The
                    Naxos Tippett series continues with the first of two discs
                    devoted to his five String Quartets. Like many other composers,
                    Tippett found himself drawn to the challenges of writing
                    effectively for the string quartet medium, and his cycle
                    spans most of his mature creative life. Andrew Burn’s useful
                    liner-note tells us that the composer found himself ‘invincibly
                    drawn to the quartet medium’ after hearing the Busch and
                    Lener Quartets in concert whilst still a student in the twenties.
                    There are unpublished attempts from this period, but the 
First
                    Quartet ‘proper’ dates originally from 1934, being reworked
                    and finally premiered in its new form by the Zorian Quartet
                    in February 1944. 
                
                 
                
                
It’s
                    an engaging, thoroughly amiable work, full of touches that
                    identify the composer during this period. We still have a
                    firm key signature, and melodic and rhythmic ideas that surfaced
                    in other works. We also have Tippett’s fascination – bordering
                    on obsession – with Beethoven and his ideas on form and structure.
                    The first movement heading of 
allegro appassionato gives
                    one clue, as does the expanded sonata structure that Beethoven
                    experimented with. The slow movement is glorious, ardent
                    and serene, the composer himself describing it as ‘almost
                    unbroken lines of lyric song for all the instruments in harmony’.
                    The eponymously named Tippett Quartet certainly give it their
                    all here, melding rich tone and immaculate intonation. The
                    finale also recalls Beethoven in its fugal form, something
                    Tippett returned to a number of times.
                 
                
The
                    Zorians were also responsible for the premiere of the 
Quartet
                    No. 2, this time if F sharp major and regarded by many
                    as one of the composers true masterpieces from this period
                    of early maturity. Beethoven once again looms large, with
                    Andrew Burn citing the Piano Sonata Op.101 as principal influence.
                    Soaring lyricism of a truly Tippettian nature is abundant
                    on the opening 
allegro, and it’s the slow movement’s
                    dark fugal unwinding that recalls the German most readily.

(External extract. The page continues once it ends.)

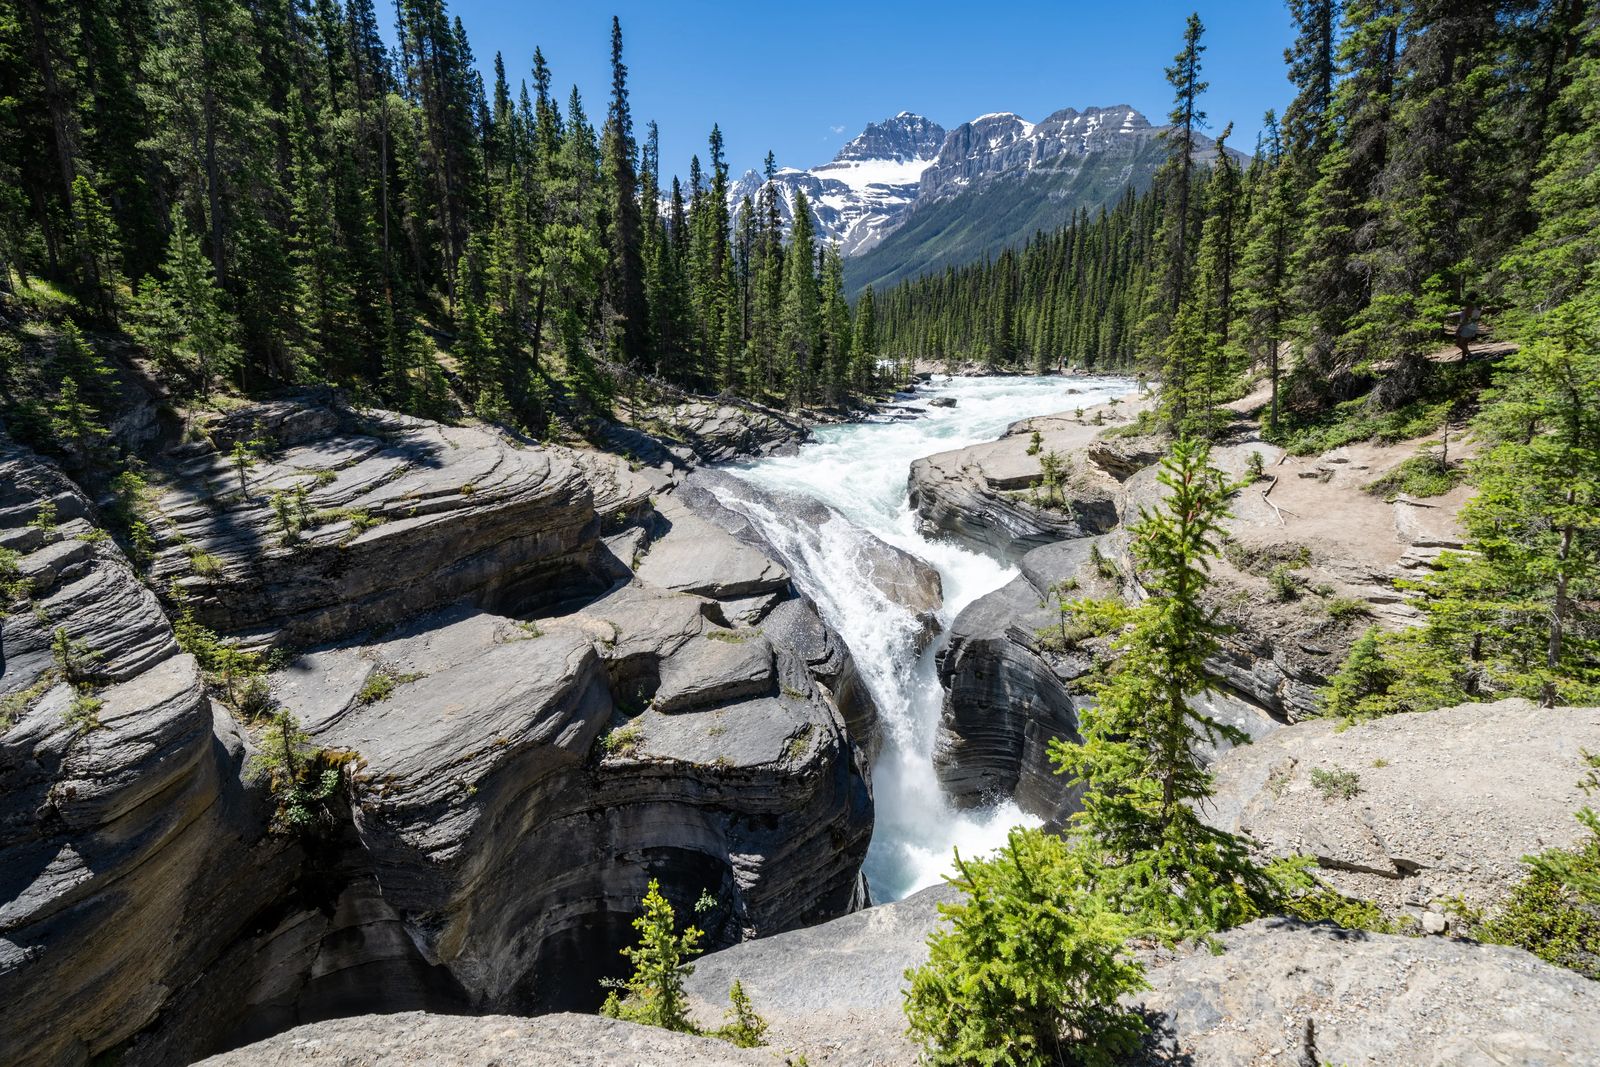 river cutting through mistaya canyon - The BEST of the Icefields Parkway Banff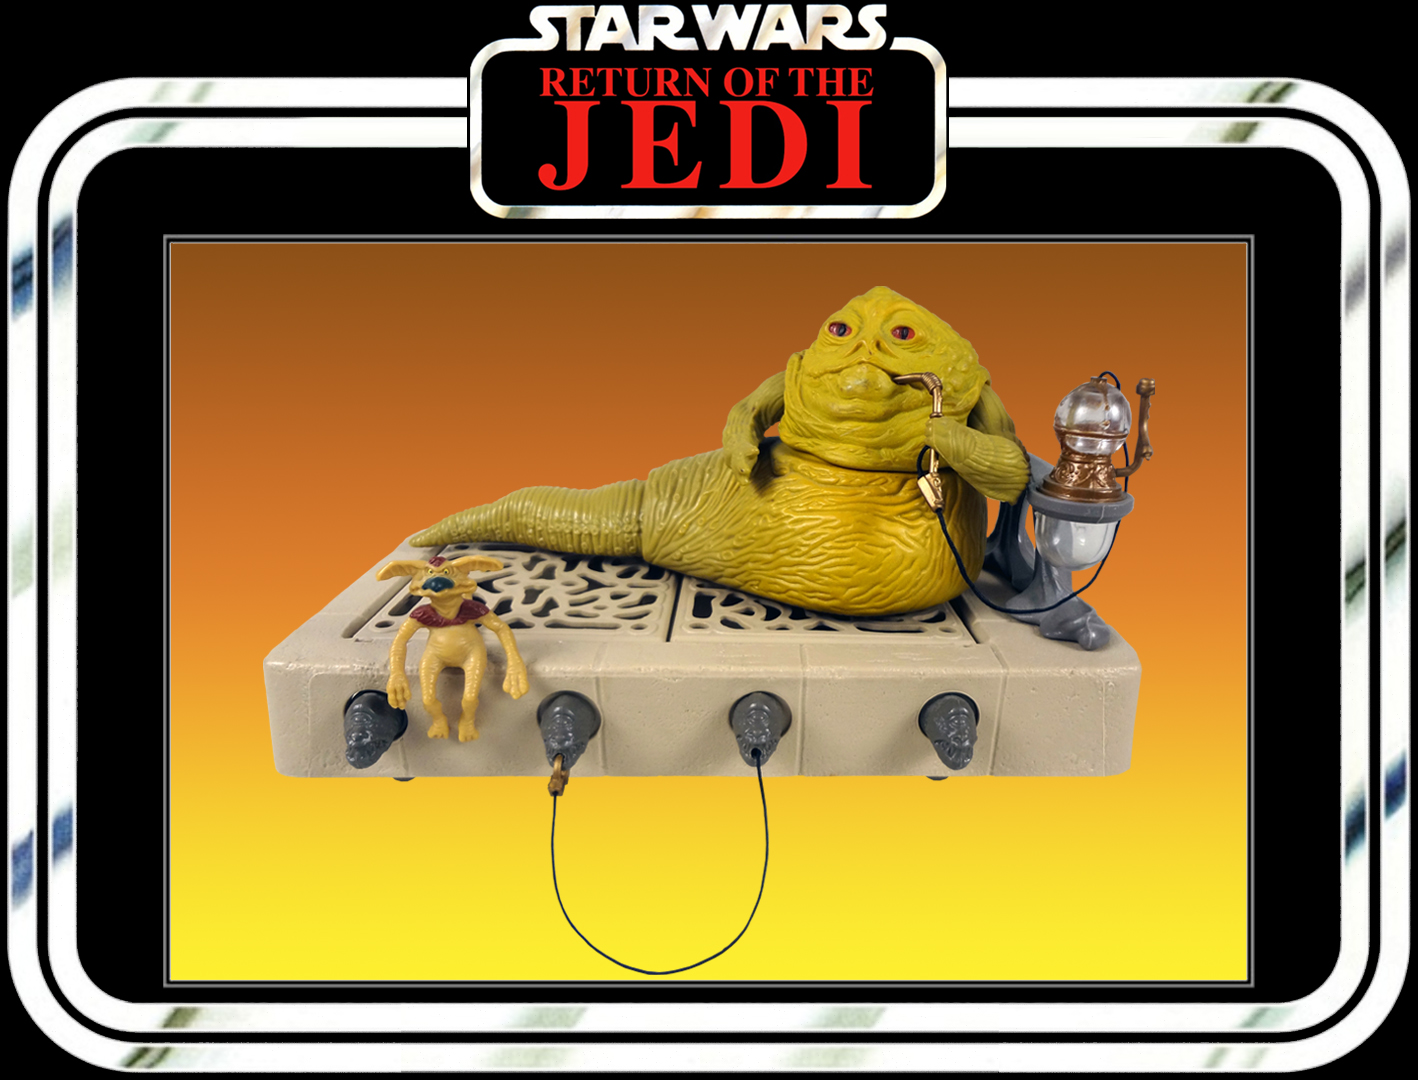 Star Wars ROTJ Jabba The Hutt Action Playset 1983 Kenner No 70490 NRFB for sale online

                    The Tippetts clearly enjoy the buoyant rhythmic antics of
                    the 
presto scherzo, and the rather serious-minded
                    finale, modelled on Beethoven’s Quartet Op.131, shows them
                    able to grasp structure but maintain impetus and excitement.
                 
                
Rather
                    than work through chronologically, Naxos has opted to couple
                    these two early works with a much thornier work from the
                    late seventies, the 
Quartet No.4. Key signatures have
                    now gone, and a more dissonant, consciously modernist musical
                    language is evident. It is contemporary with the Fourth Symphony
                    and Triple Concerto, and is in the one-movement form that
                    the composer saw as a metaphor for the life cycle of birth
                    to death. The tense, brooding opening seems to grow out of
                    tiny melodic ‘germs’, and though it is stark in overall mood,
                    there are flashes of light here and there in the form of
                    little ‘fanfares’ of the sort we often hear in the composer’s
                    work. Beethoven’s dotted rhythms, especially of the sort
                    found in the 
Grosse Fuge, do feature throughout, and
                    Bartókian glissandos and harmonics punctuate the denser textured
                    passages. It’s not an easy work to perhaps appreciate on
                    first hearing, but it does reveal its rewards with repetition,
                    and the excellent Tippett Quartet play with passion and conviction,
                    even finding warmth in bleak closing moments.
                 
                
There
                    are quite a few rivals to this Naxos issue in the record
                    catalogue, and I suppose the shadow of the Lindsay’s cycle
                    on ASV looms largest of all. They were the dedicatees of
                    the last two Quartets and worked with the composer directly
                    on the whole sequence. I haven’t sampled that set, and can
                    only say that with warm, immediate recording quality and
                    playing of tremendous power and persuasion, you will not
                    be disappointed if you plump for this new release.